Помню, что когда мы уезжали из Александрополя. Гурджиев взял с собой ящик шёлковой пряжи: он сказал мне, что дёшево купил этот шёлк оптом. Шёлк путешествовал вместе с ним. Когда наши люди собрались в Ессентуках, Гурджиев раздал шёлк женщинам и детям, чтобы они наматывали его на звездообразные картонки, которые изготовлялись также у нас в доме. Затем некоторые из наших людей, обладавшие коммерческим талантом, продавали этот шёлк лавочникам в Пятигорске, Кисловодске и в самих Ессентуках. Надо помнить, что это было за время. Никаких товаров совершенно не было: магазины стояли пустыми: и шёлк буквально рвали из рук, потому что достать такие вещи, как шёлк. ситец и тому подобное, было невероятно трудно. Эта работа продолжалась в течение двух месяцев и давала нам надёжный и регулярный доход, который не шёл ни в какое сравнение с первоначальной ценой шёлка.

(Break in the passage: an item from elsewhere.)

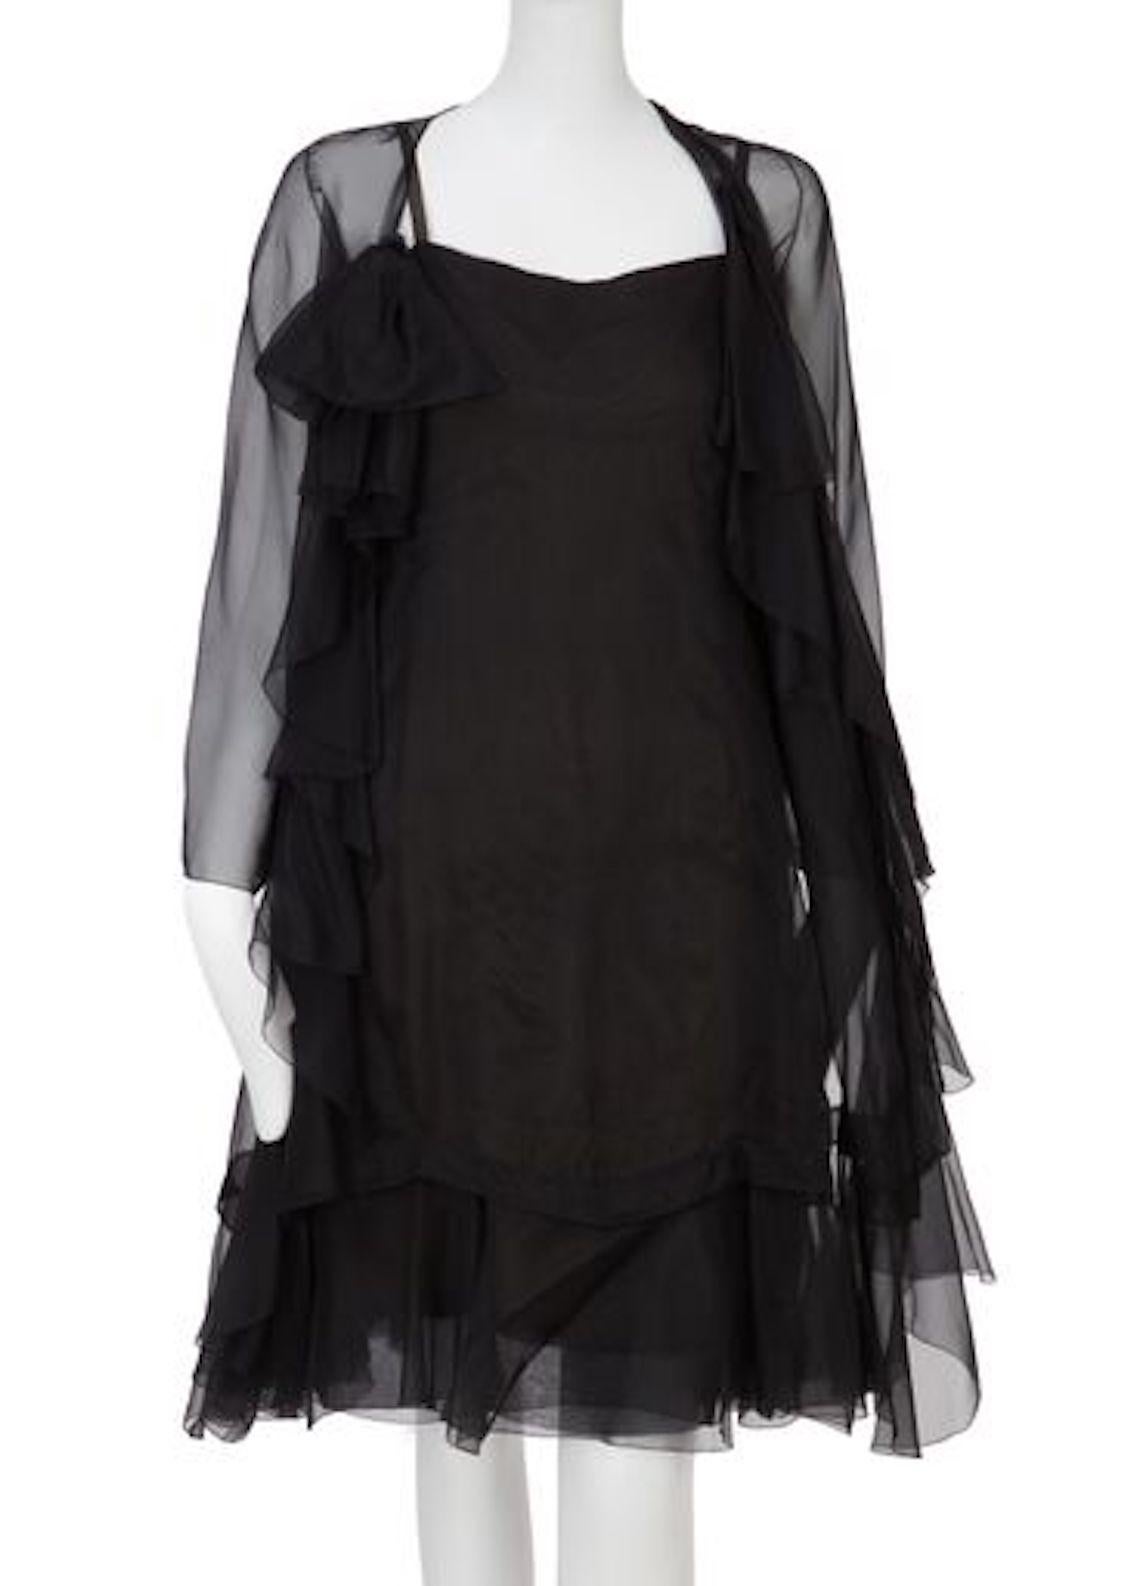 Women's Christian Dior, Black Chiffon dress with jacket, Spring/Summer 1966

В обычные времена колония, подобная нашей, не смогла бы просуществовать в Ессентуках, да, пожалуй, и нигде в России Мы возбудили бы любопытство, привлекли бы к себе внимание, появилась бы полиция, несомненно, возникли бы какие-нибудь скандалы; нам, разумеется, приписали бы политические или какие-нибудь сектантские или аморальные тенденции. Так уж устроены люди: они непременно осуждают то, что им непонятно. Но в 1918 году те, кто могли бы нами заинтересоваться, были заняты спасением собственных шкур от большевиков: а большевики не были ещё настолько сильны, чтобы интересоваться жизнью частных лиц или деятельностью частных организаций, не имевших прямого политического характера. Понимая это, многие интеллигенты, уехавшие в то время из столицы и волей судьбы оказавшиеся в Минеральных Водах, организовали множество групп и рабочих объединений, так что никто не обращал на нас никакого внимания.

Однажды, во время общей вечерней беседы Гурджиев сказал, что нам нужно придумать какое-то название для нашей колонии и вообще как-то её узаконить. Дело происходило в период Пятигорского большевистского правительства.

— Придумайте что-нибудь вроде "содружества" – и в то же время "своим трудом" и "интернациональный", – сказал Гурджиев. – В любом случае они ничего не поймут; но им необходимо дать нам какое-нибудь название.

Мы принялись по очереди предлагать разные наименования.

Два раза в нашем доме устраивались публичные лекции, на которые приходило довольно много народу. Один или два раза мы устроили демонстрацию подражания психическим феноменам: эти демонстрации оказались не очень успешными, так как наша публика довольно плохо подчинялась требованиям опыта.

* * *

Но моё личное положение в работе Гурджиева начало меняться. За целый год что-то накопилось, и я постепенно увидел, что есть много вещей, которые я не могу понять, и что мне нужно уйти.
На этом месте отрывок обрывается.